■ **EXERCISE DATA**
----------------
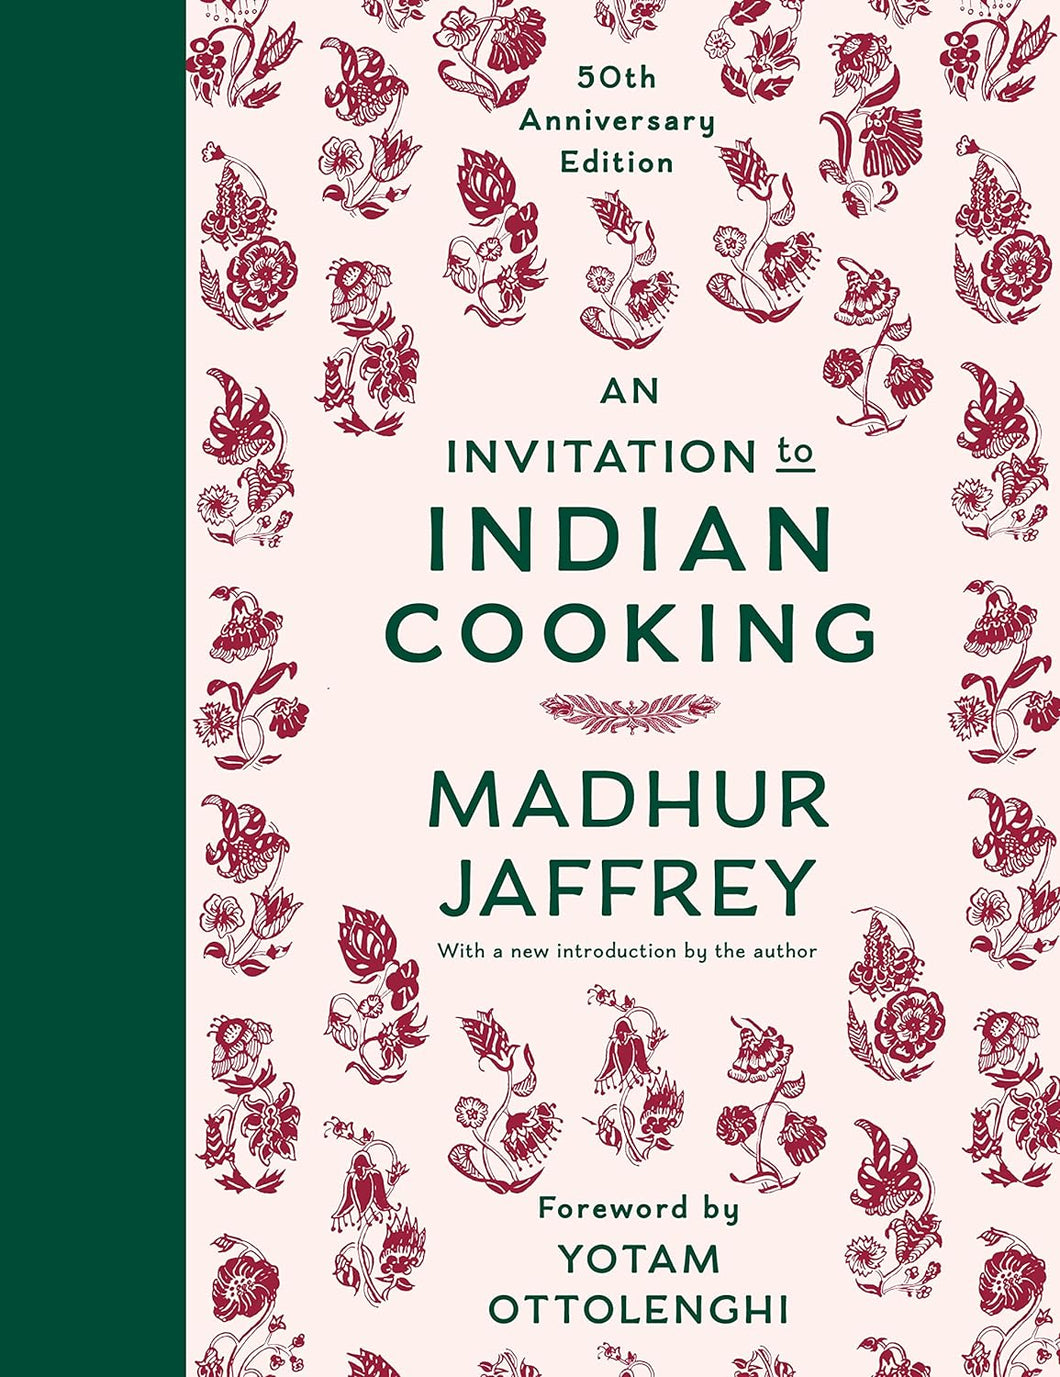 An Invitation to Indian Cooking by Madhur Jaffrey (50th anniversary edition)
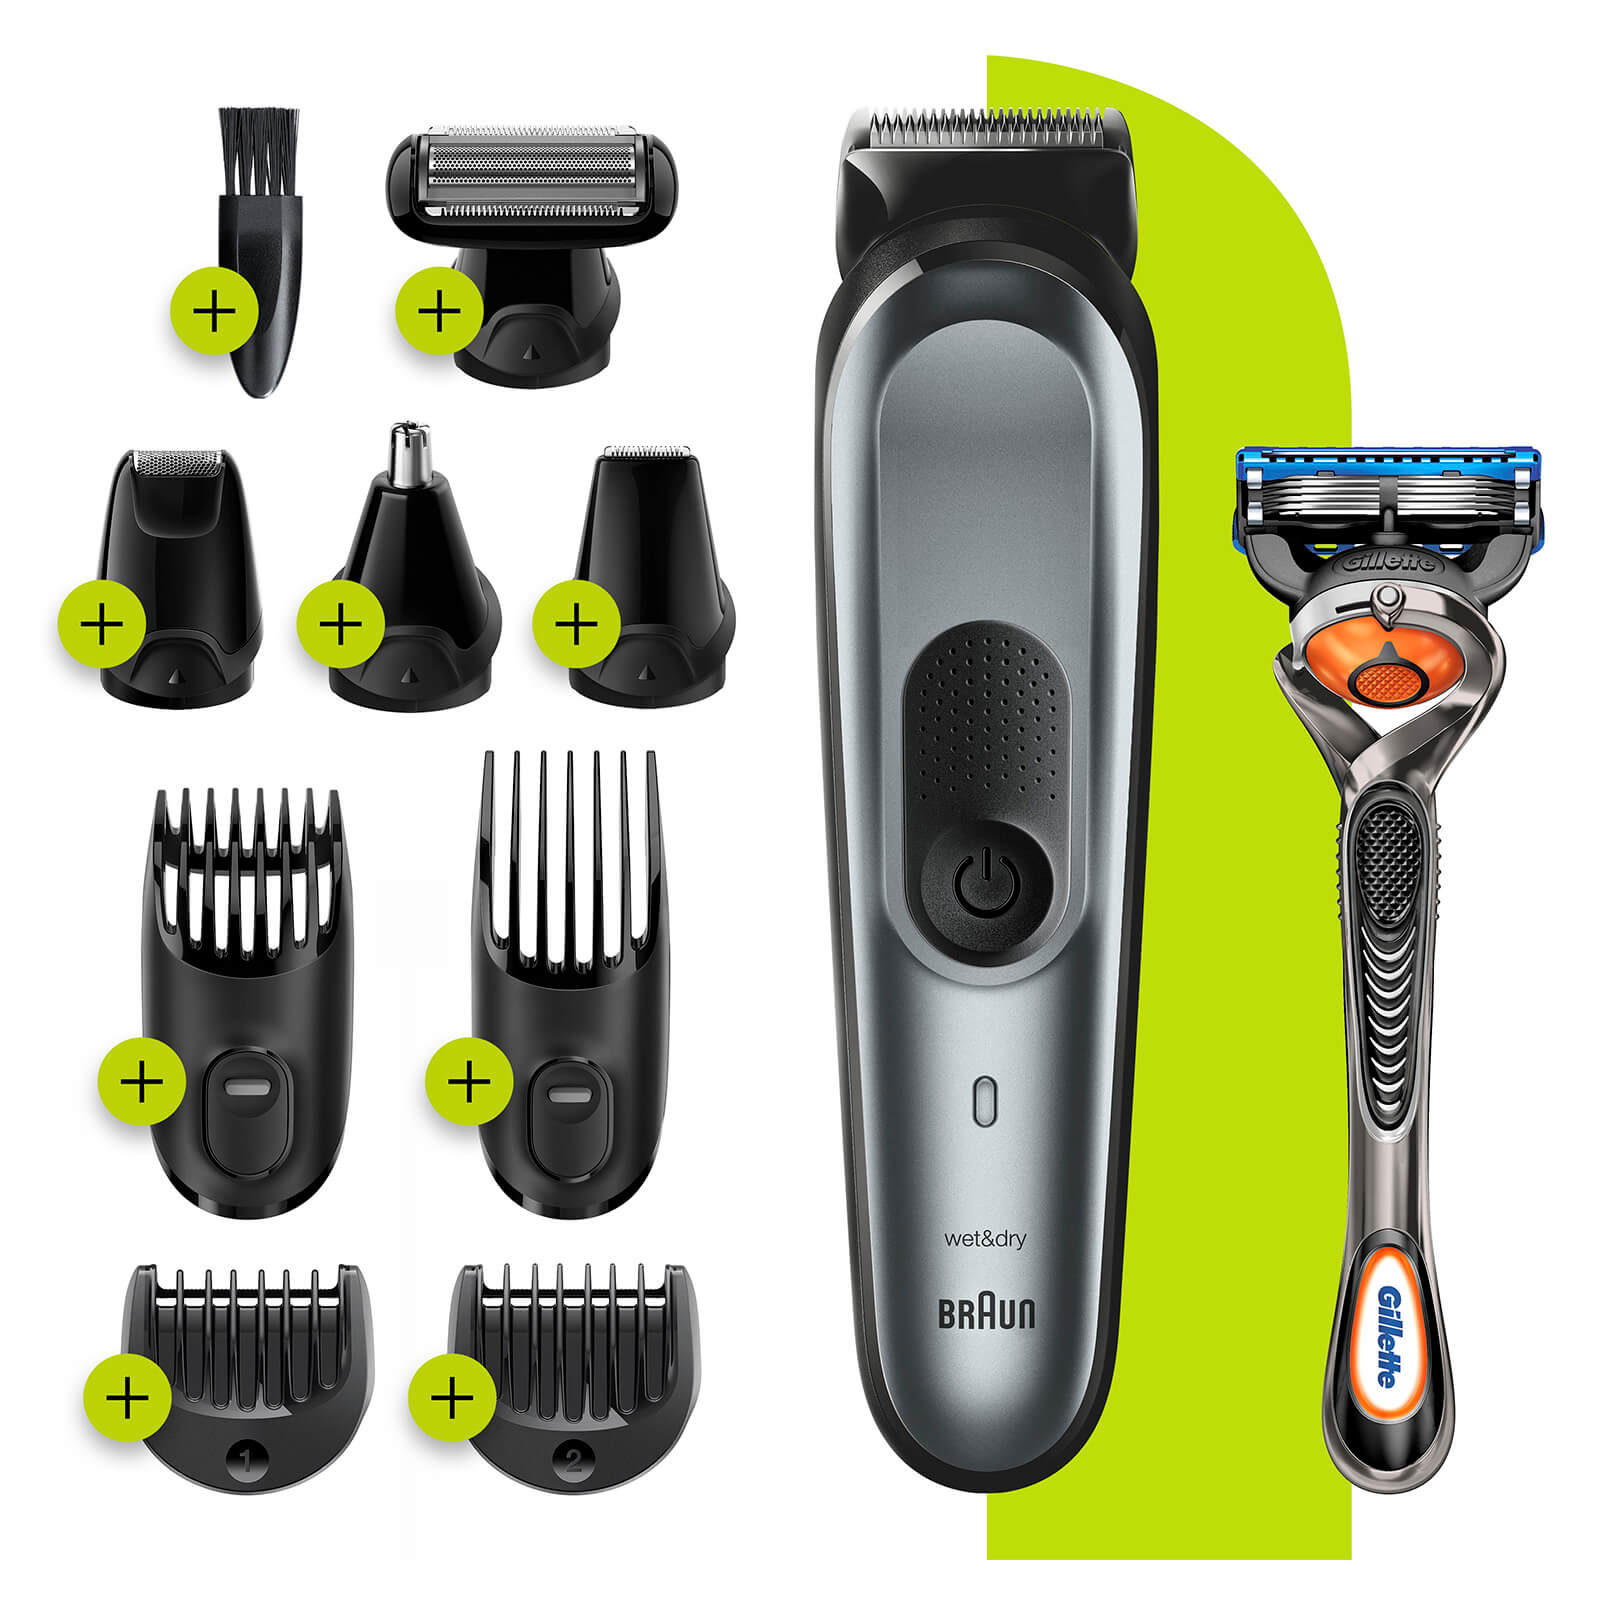 Braun All-in-one Trimmer 7 - 8 attachments
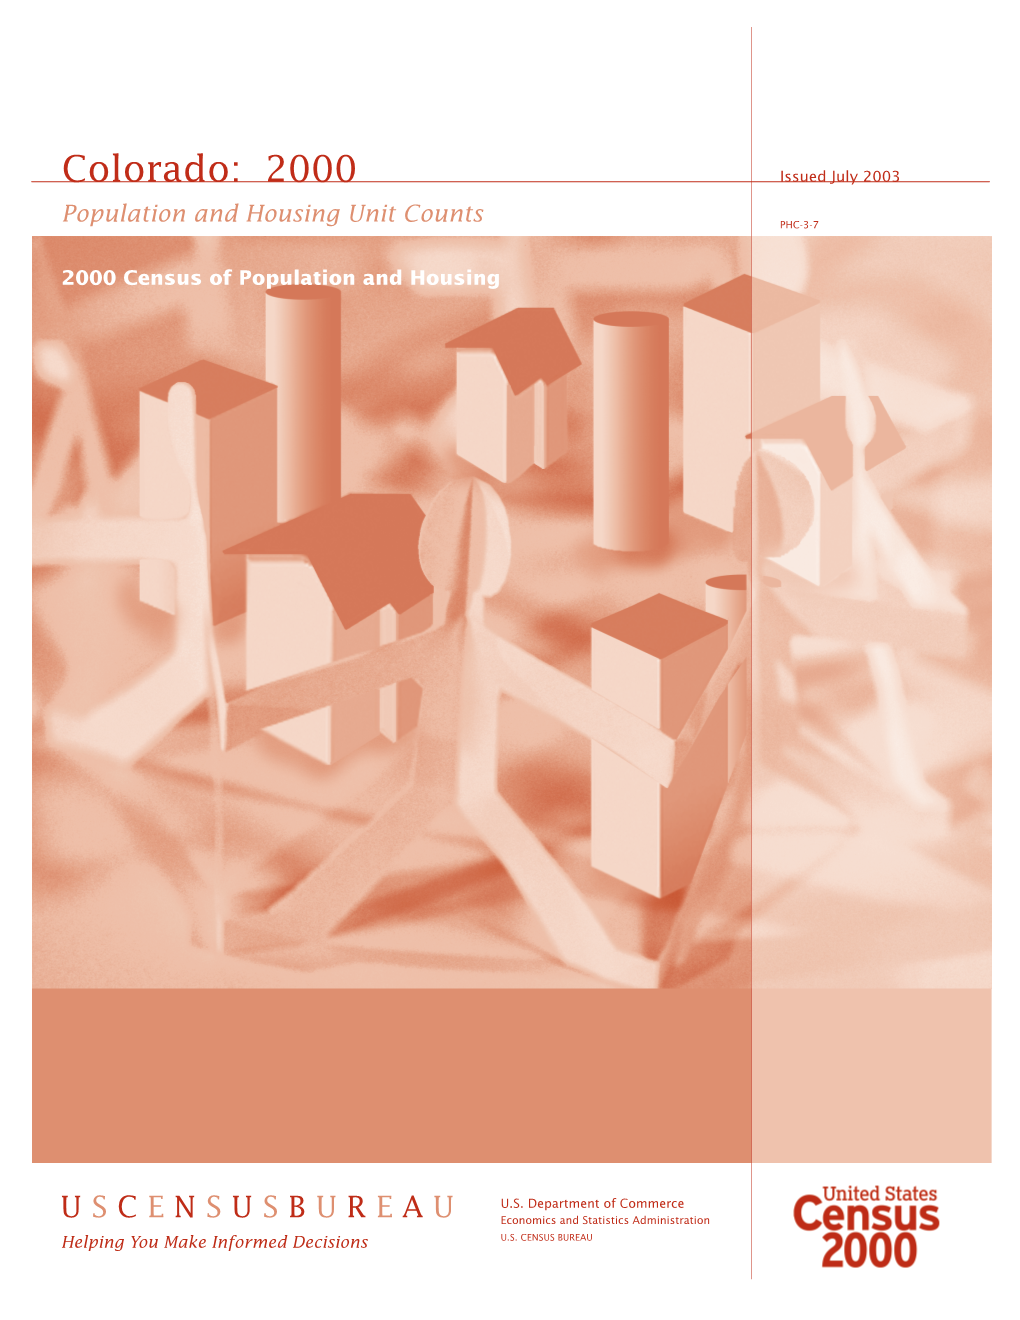 Population and Housing Unit Counts, Colorado: 2000
----------------
■ **ASSIGNMENT**
To complete the exercise, return the listing above exactly and omit its pictures.

■ **REPLY**
 An Invitation to Indian Cooking by Madhur Jaffrey (50th anniversary edition)
 Braun All-in-one Trimmer 7 - 8 attachments
 Population and Housing Unit Counts, Colorado: 2000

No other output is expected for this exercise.